A variant with 50 mutations: omicron

Afew months ago, we were enjoying the reopening of civil society. But events intervened. First, the protection of two-dose vaccines started to subside. Second, unvaccinated patients, including children, were sickened by the furiously infectious omicron variant of SARS-CoV-2. More patients survive the omicron virus many experts say, but there are so many that the medical system can still be overwhelmed. Nursing and medical staff are exhausted, and patients with other diseases or conditions may not get the treatments they need.

On Jan. 6, in New York, the number of people with positive tests was 22.5%; in Connecticut, 29.1% and in Massachusetts, 21.8%. By the time you read this these numbers will be higher. Infections do not go on indefinitely — eventually there will be no uninfected or unvaccinated people.

Epidemiologists, or rather the clan of mathematical modelers among them, predict a crash in the number of infections by early February 2022. That may signal herd immunity and a change from pandemic status to endemic. The latter causes sporadic infection at low levels and tends not to overwhelm hospitals or harm the economy.

Omicron appeared in Botswana and South Africa in November 2021.  South African physicians have seen mild disease, and the infection is declining there. In the UK, some reports said severity is unaffected; others that the disease caused by omicron is milder than that caused by the Delta variant. The CDC’s Morbidity and Mortality Weekly Reports appears every Thursday and is online. It provides no conclusions yet on the severity of omicron on unvaccinated people, including children. Deaths do not seem to be increasing as rapidly as infections. In the early stage of a new infection or treatment, information comes in press reports, which can be written with more enthusiasm than data.  We will know more soon.

There are about 50 mutations in the omicron virus and a dozen in the delta variant. A virus-specific enzyme copies the RNA genome of SARS-CoV-2 but makes errors—30 have accumulated in the omicron spike protein and 20 in other omicron genes. Think of them as typos that the virus has not corrected. If the typos help the virus survive counterattack by the immune system, the typos (mutations) are retained. Each infected lung cell can make thousands of viruses, so the infection spreads fast. Since November, omicron, which makes about five times more virus than the original strain, has nearly replaced the delta variant.

You may wonder how any living thing survives viral onslaughts; the answer is that sometimes they don’t. When we do survive, it is because the human immune system is a wondrous collection of rapid defenses. Immunology is the science of engaging these defenses before a pathogen does. Think of it as an ambush. Immunity is as complicated as it is vital. I taught a course called The Cell Biology of Tissues and Organelles for beginning medical and dental students for 25 years.  Immunology flummoxed the students. It takes time to learn.

A group at Baylor College of Medicine and The Texas Children’s Hospital headed by Elena Bottazzi and Peter Hotez has fashioned a vaccine that does not employ an mRNA, but rather fragments of viral protein. The vaccine does not require refrigeration; a dose costs $1.50 and it is not patent protected. In India, the vaccine, called Corbevax, has been approved. It is an older method, but sometimes that is best.  A recent issue of Nature has a fine review on the status of COVID vaccines written for non-scientists.  Type “How COVID Vaccines Shaped 2021” into your browser to read it.

Treatments are being developed that stop infections, including immunoglobulins that can be inhaled. In the same vein, nanobodies, tiny antibodies made by Camelids (alpacas) neutralize omicron or other viruses. Think of an asthma inhaler spraying antibodies directly onto the virus in your lungs.

Drugs to inhibit viruses are a recent development — in the 1990s for HIV and now for other viruses. Pfizer has a drug called Paxlovid, which blocks the cleavage of viral proteins into functional units.  It is highly effective early after symptoms of COVID have appeared.  There are limited supplies, and the drug is tricky to make, but it will be in use shortly.

The Merck drug Molnupiravir blocks the enzyme that copies the virus genome.
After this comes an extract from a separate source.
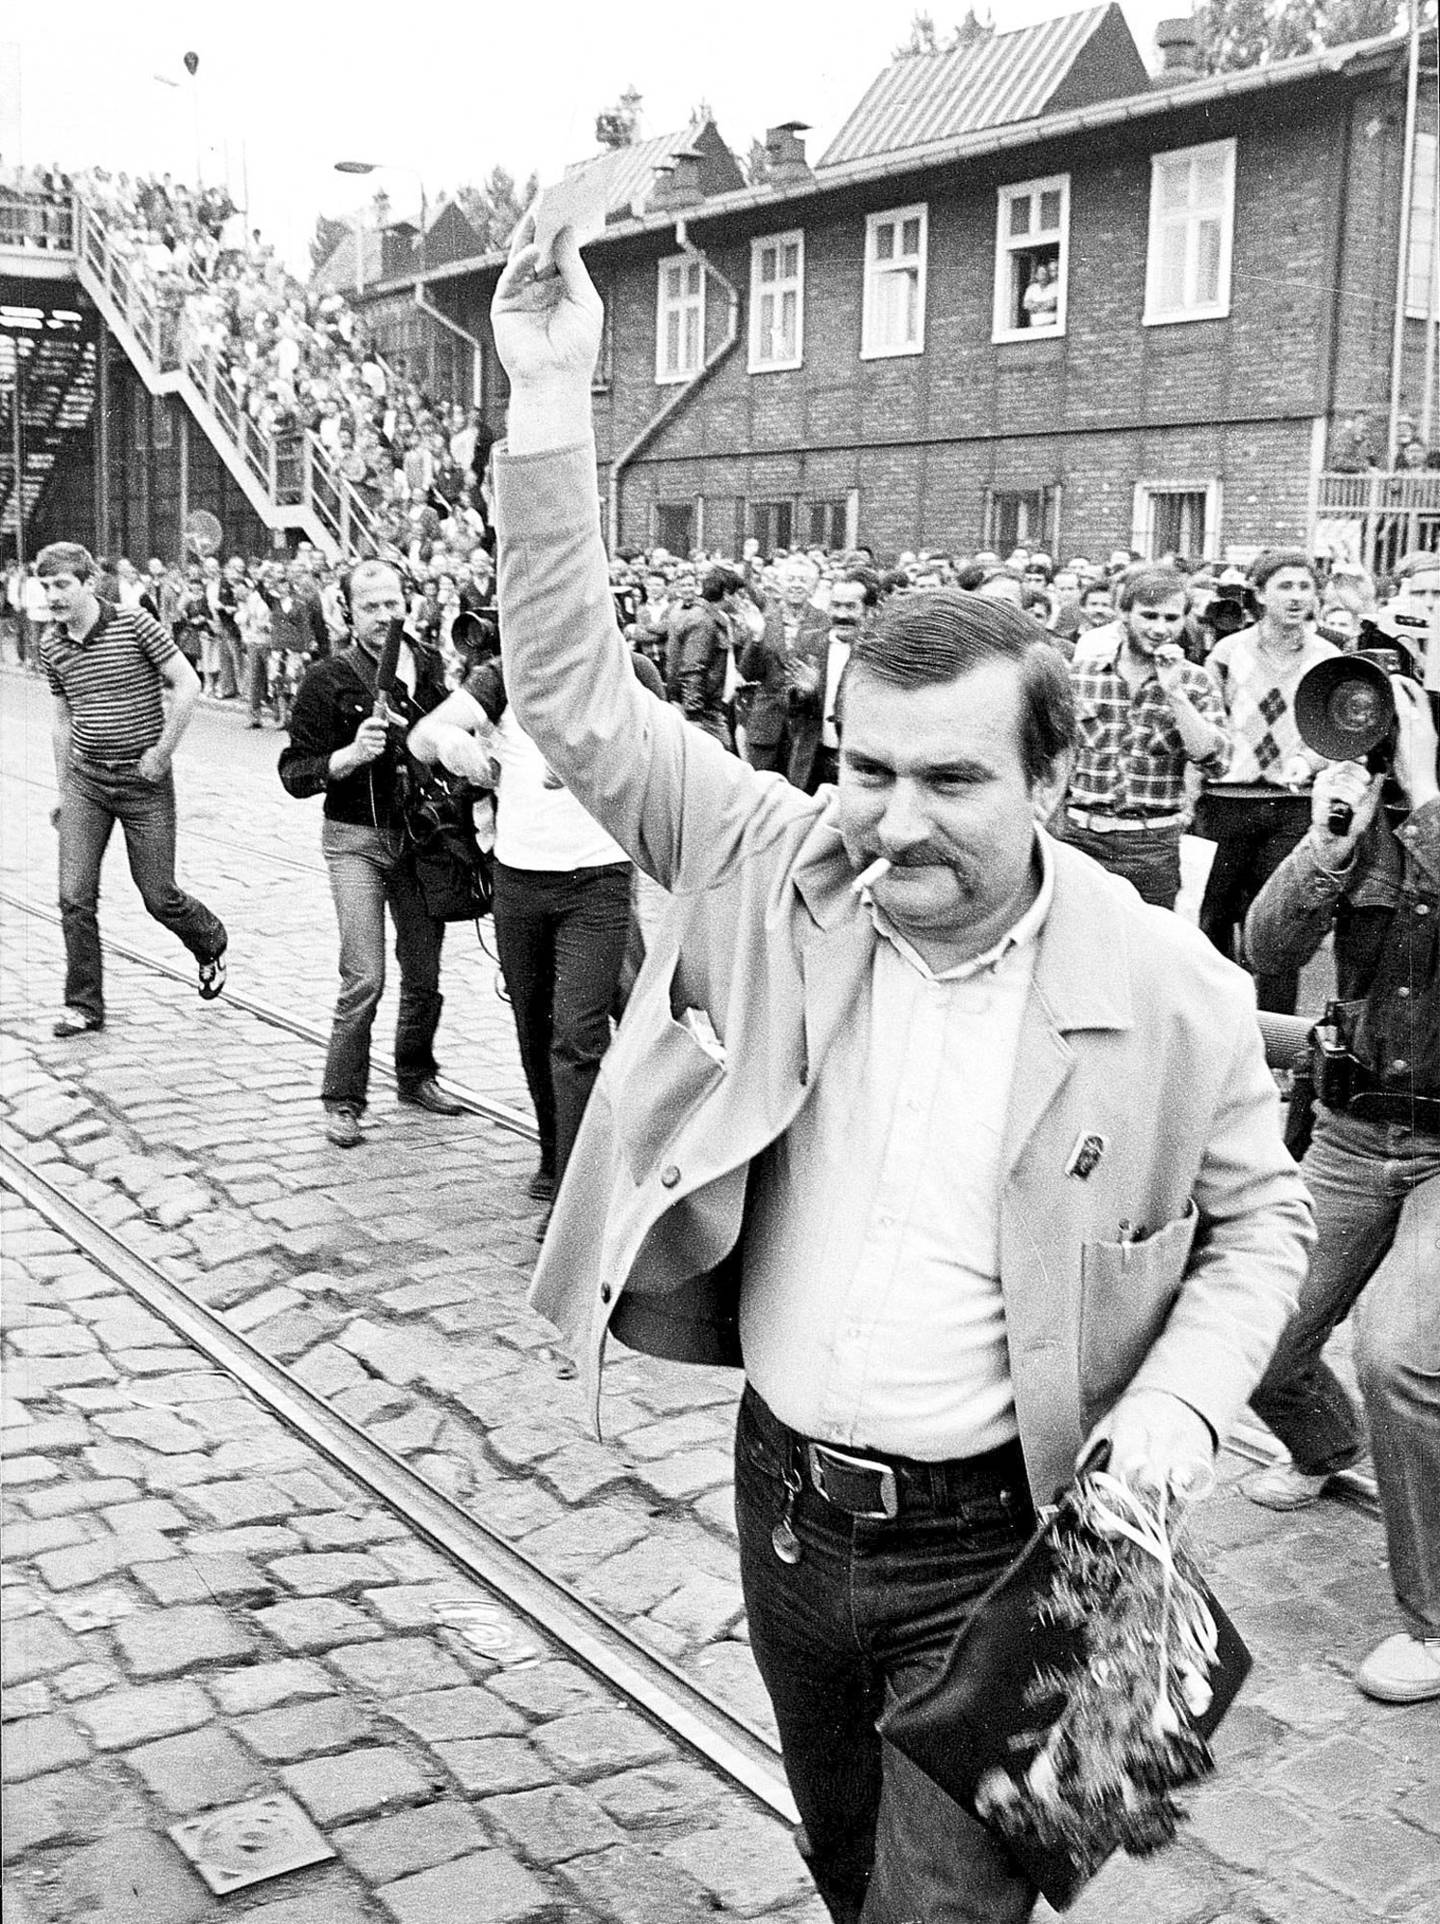 For 17 år siden organiserte Lech Walesa sine arbeidskamerater i den frie fagforeningen Solidaritet, som i 1989 styrtet kommunistregimet. Idag mister resten av arbeiderne på Gdansk-verftet jobben. (NTB/AP-arkivfoto)

Molnupiravir is less effective at preventing symptoms that Paxlovid, but it interesting (to me) because it appear to inhibit other unpleasant RNA viruses. These include influenza; RSV, respiratory syncytial virus (a major cause of ER visits by children); norovirus (infections on cruise ships); Chikungunya virus (a mosquito-borne virus that causes severe joint pain); Venezuelan equine encephalitis virus); and hepatitis C. Perhaps we are at the beginning of a vast improvement in antiviral drug therapy.  Pray for it.

In the meantime, the best thing to do is get your vaccine and booster.  Let’s see if the epidemiologists are right and the peak comes soon. Watch positivity. Watch hospital admissions. Watch deaths from omicron. And hope for the best.